## What needs to be done
Restate exactly the lines below, from the one containing "В ГД могут обсудить" through the final line, and leave out the pictures.

## Stored data
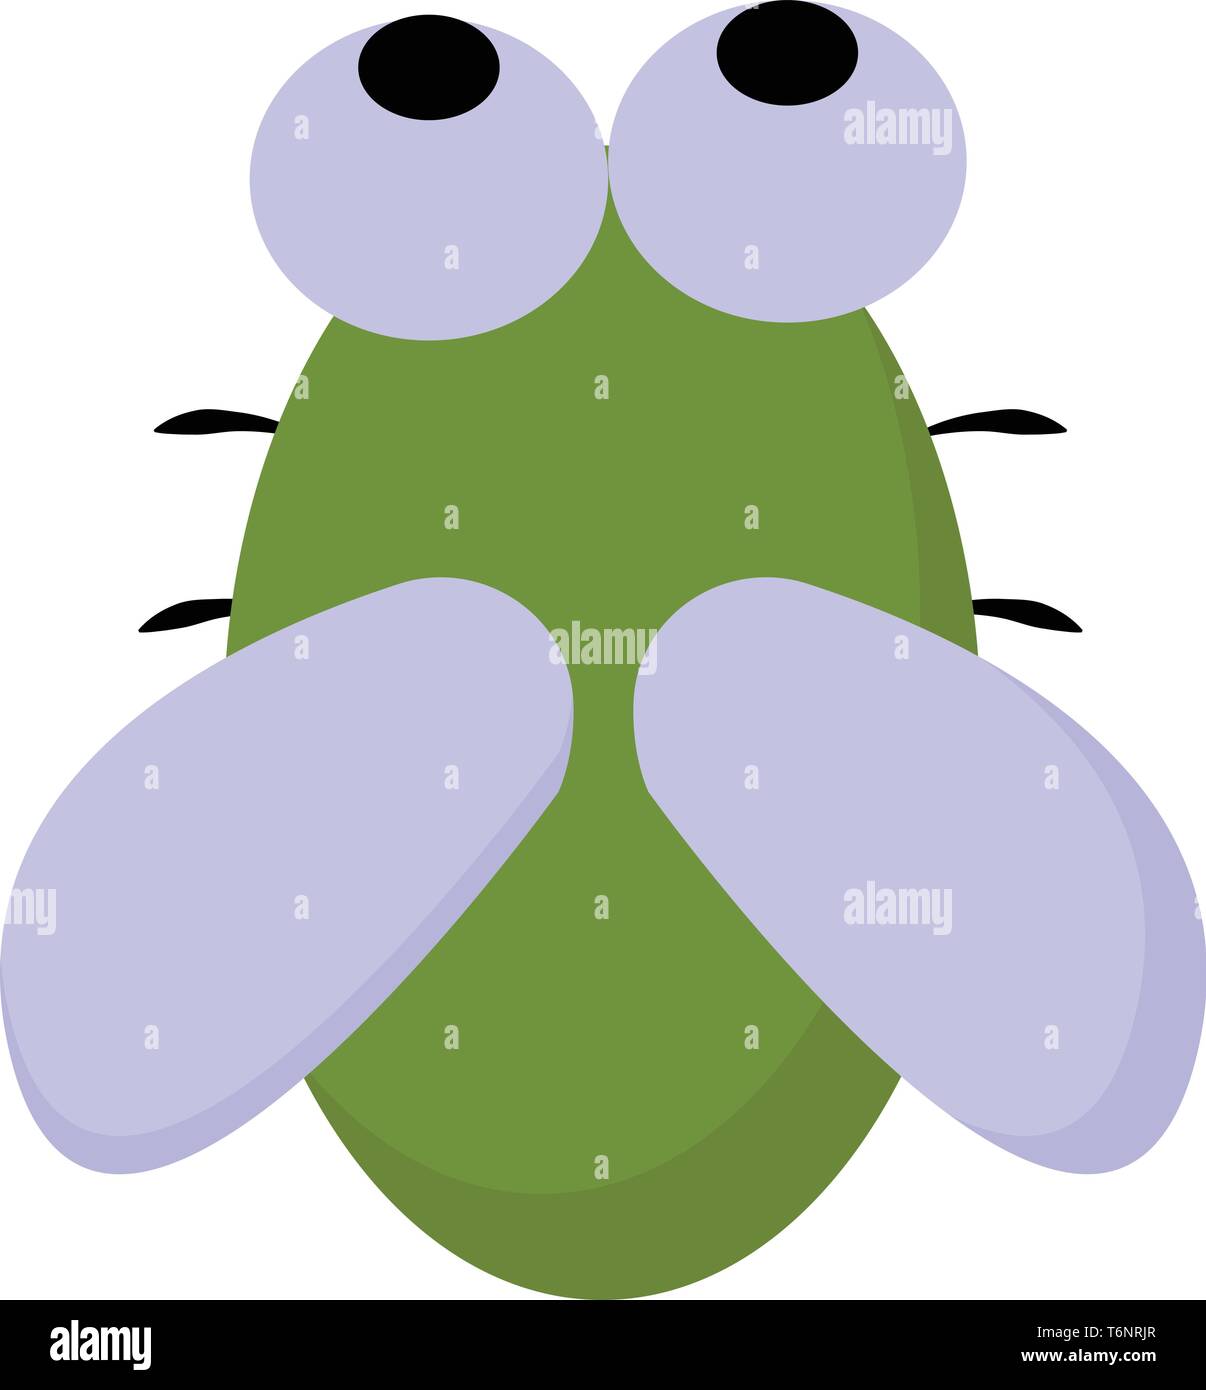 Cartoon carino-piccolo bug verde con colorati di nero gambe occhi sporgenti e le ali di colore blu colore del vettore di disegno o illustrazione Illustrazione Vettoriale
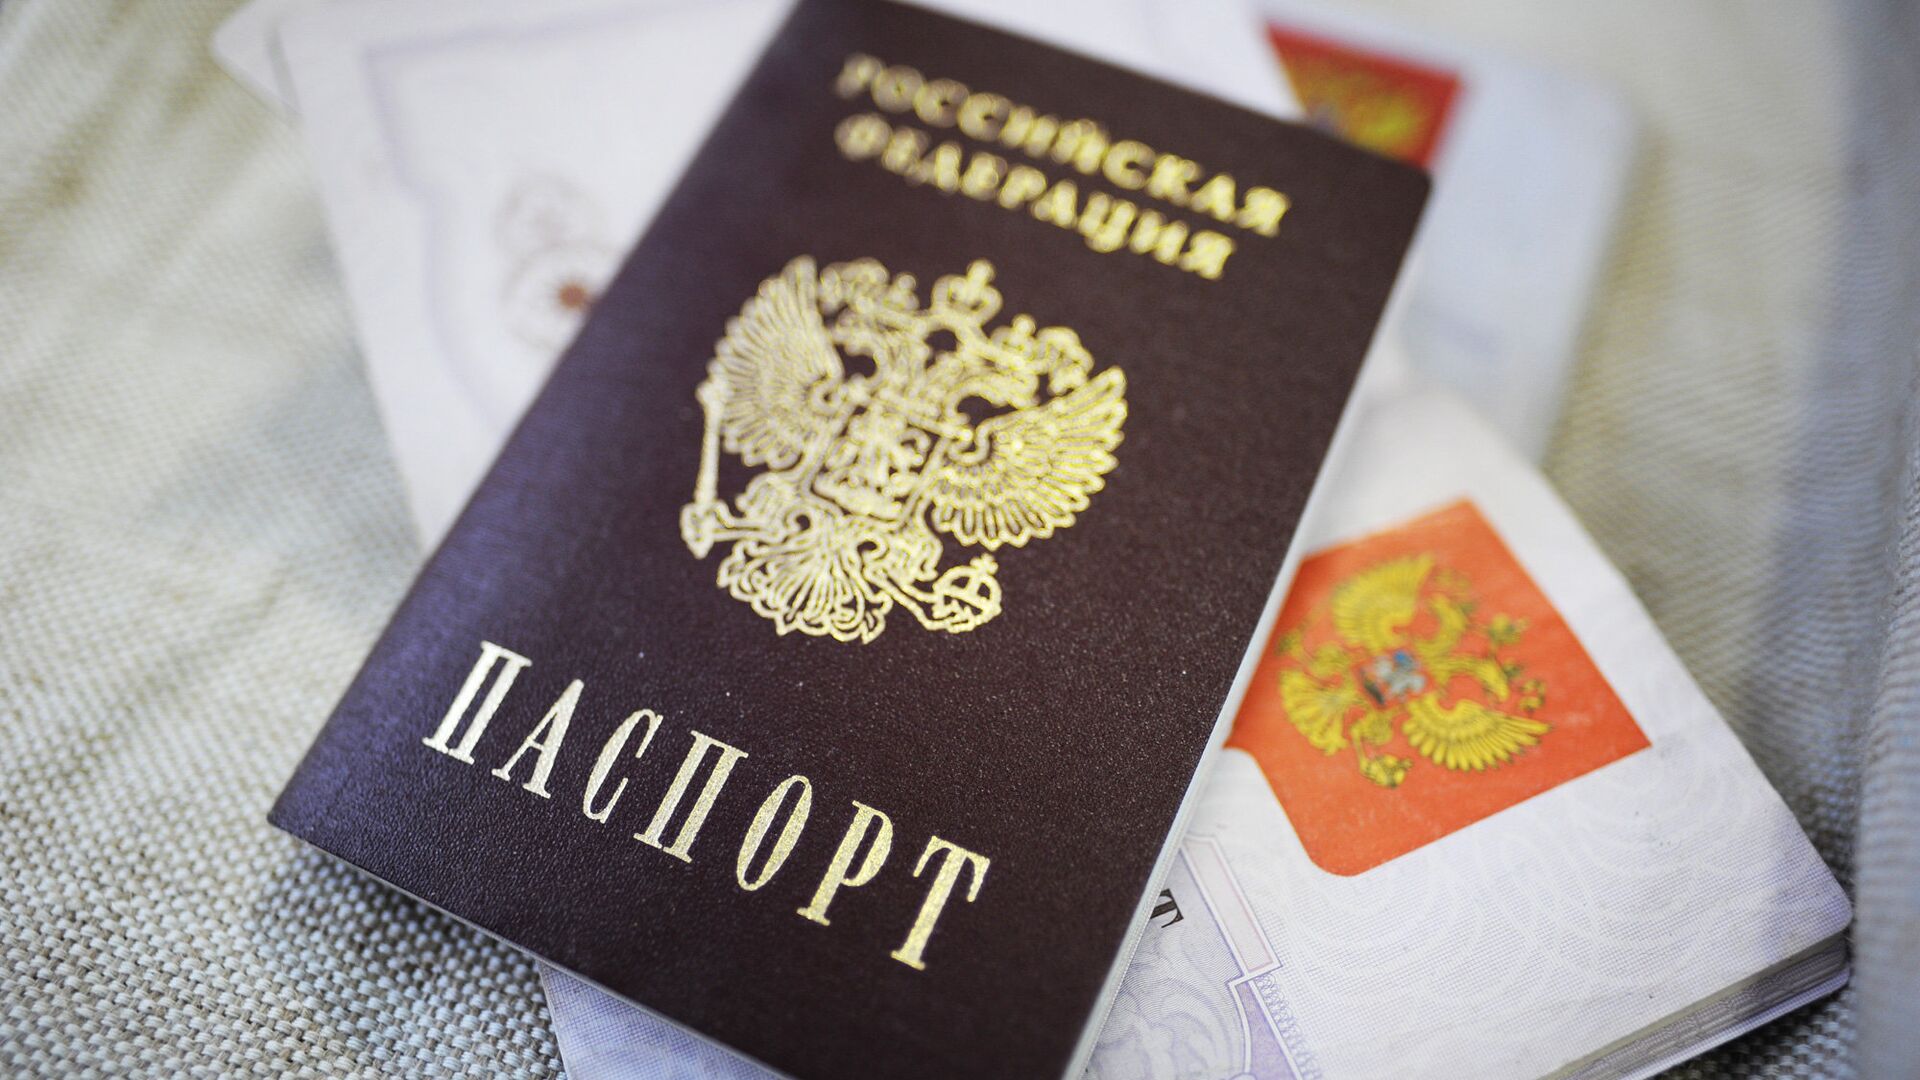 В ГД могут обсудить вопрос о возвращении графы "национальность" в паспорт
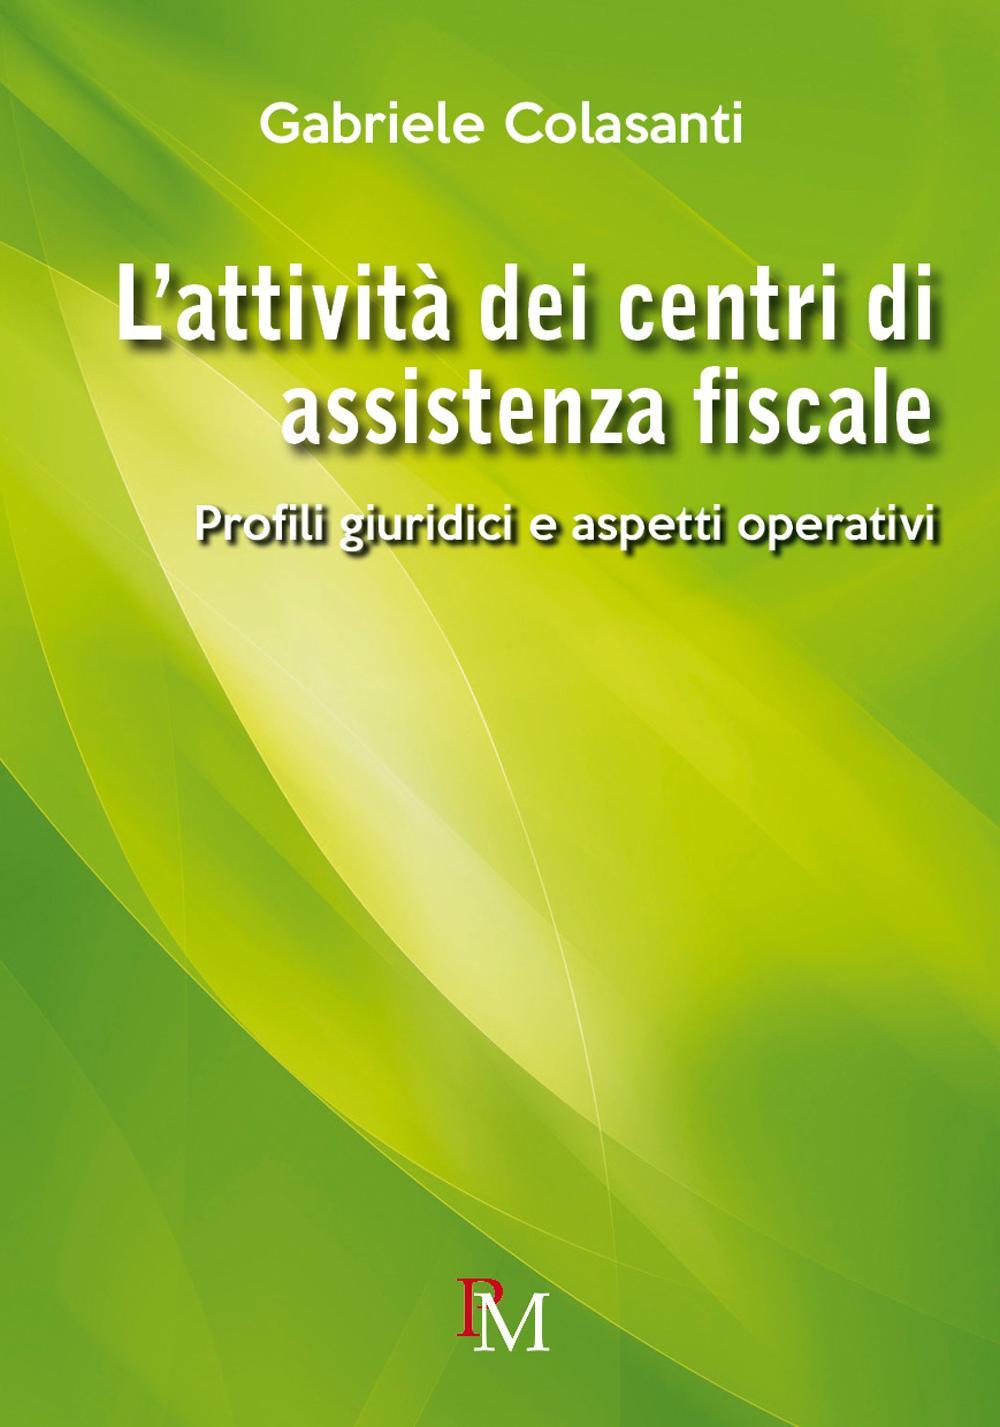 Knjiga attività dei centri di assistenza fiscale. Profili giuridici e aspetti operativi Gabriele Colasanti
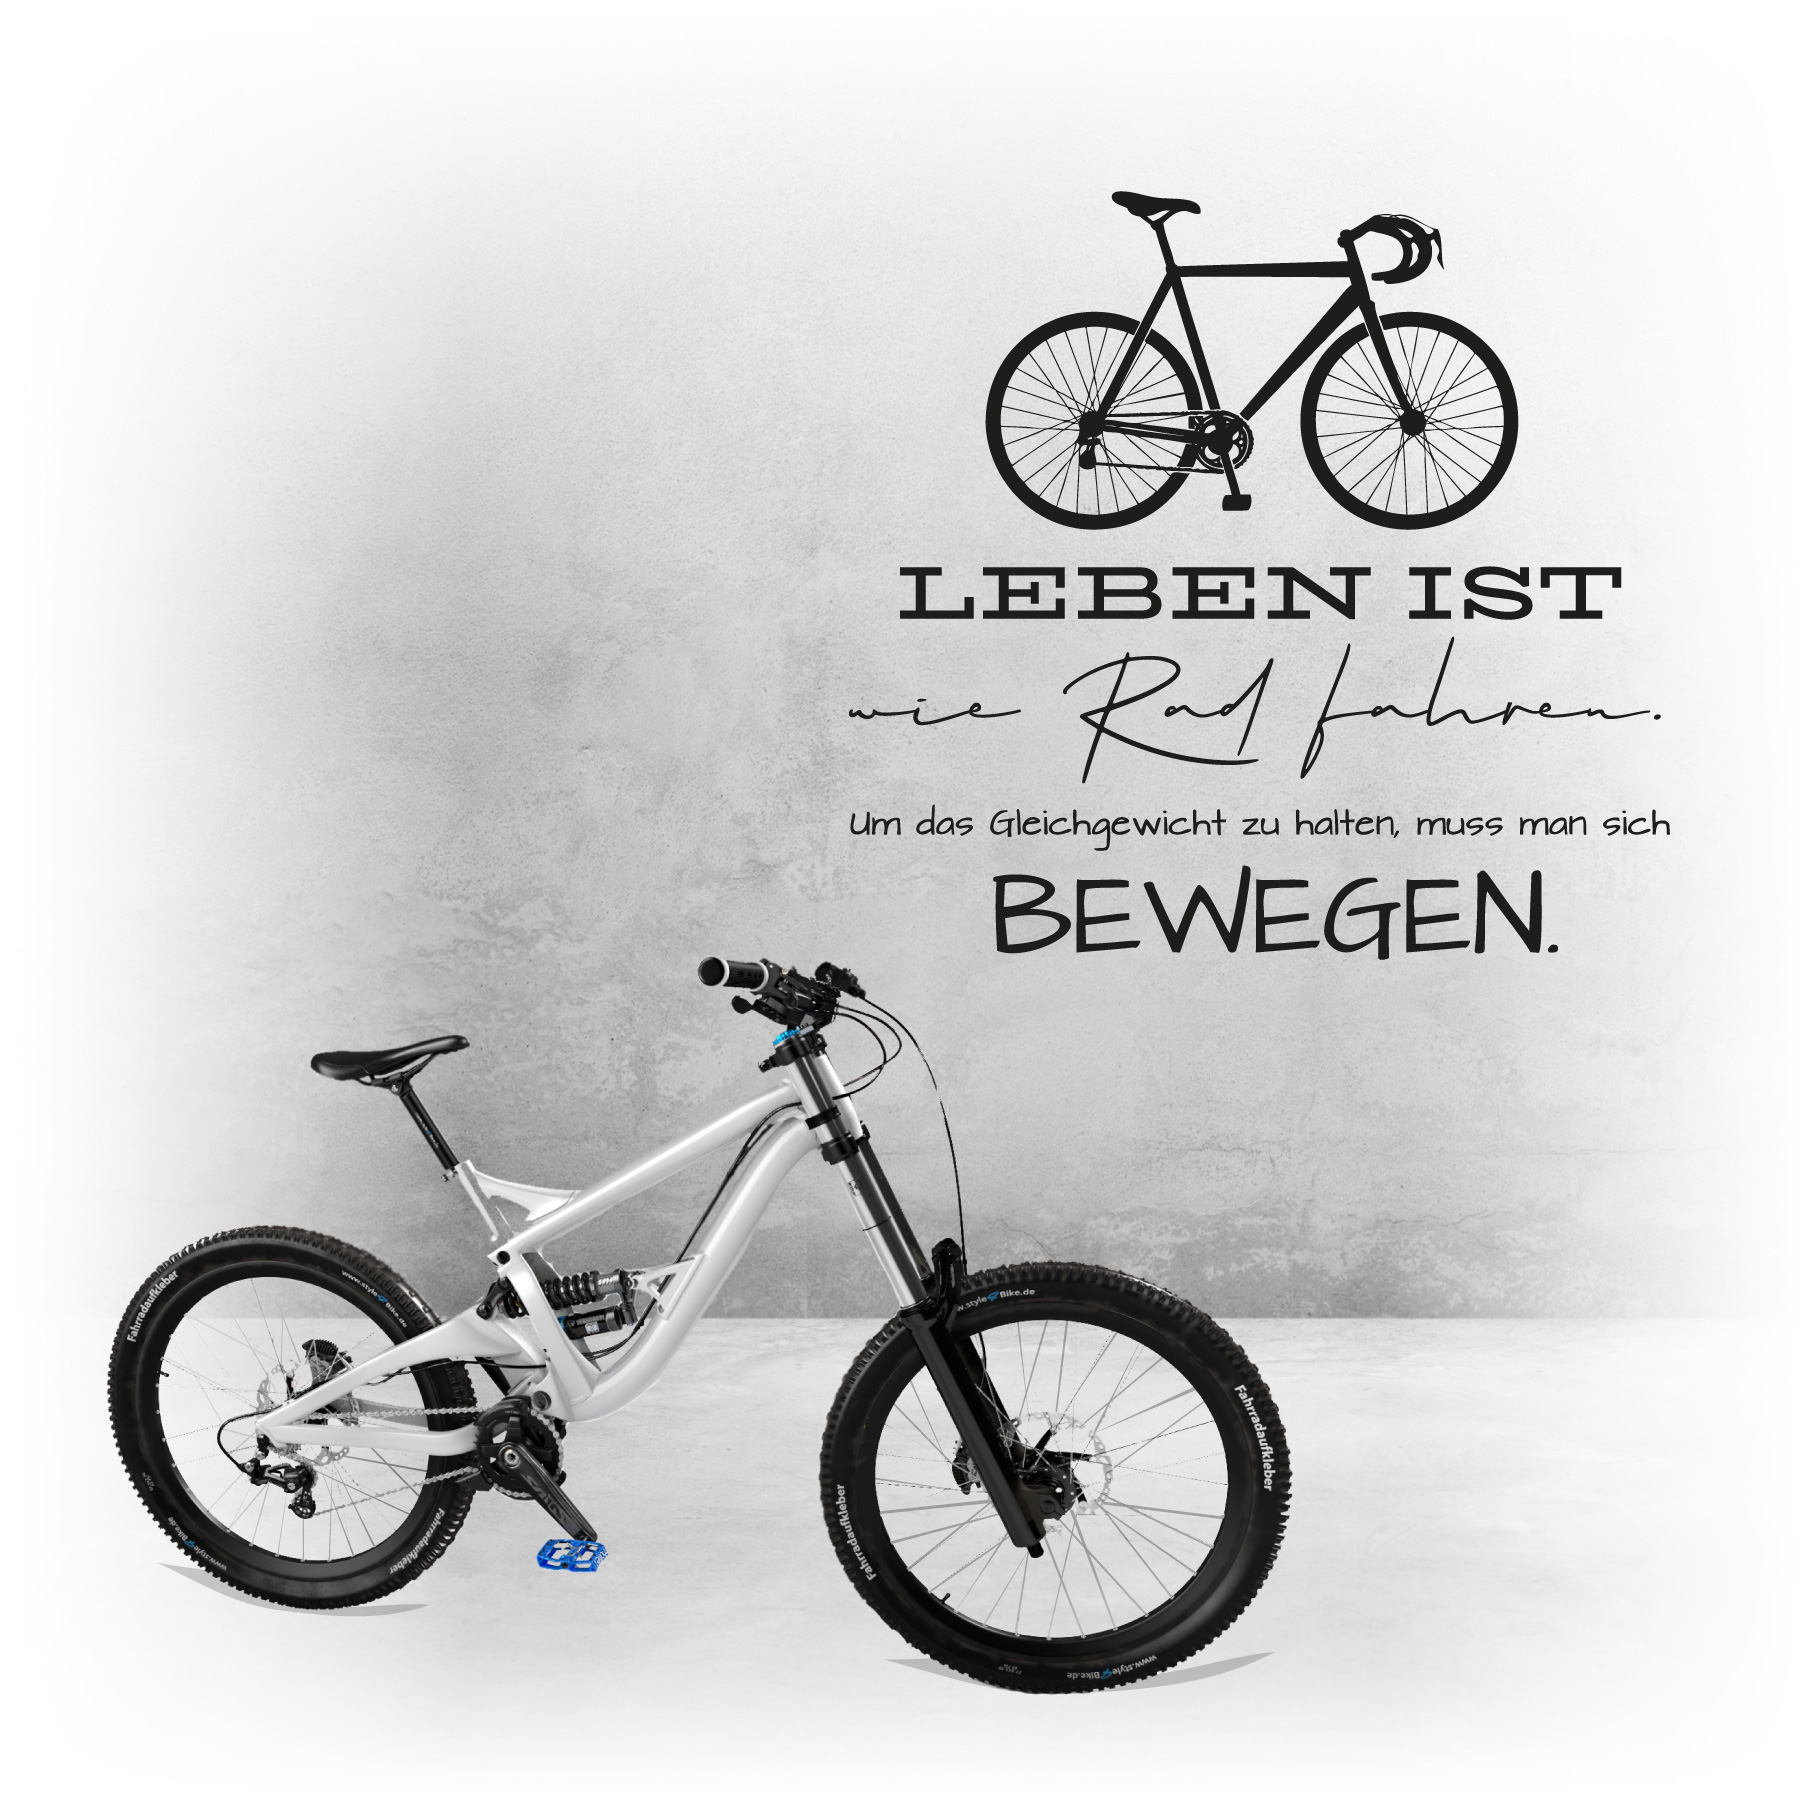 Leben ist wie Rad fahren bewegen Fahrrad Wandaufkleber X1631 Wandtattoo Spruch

## Solution to this problem
 В ГД могут обсудить вопрос о возвращении графы "национальность" в паспорт
 Knjiga attività dei centri di assistenza fiscale. Profili giuridici e aspetti operativi Gabriele Colasanti
 Leben ist wie Rad fahren bewegen Fahrrad Wandaufkleber X1631 Wandtattoo Spruch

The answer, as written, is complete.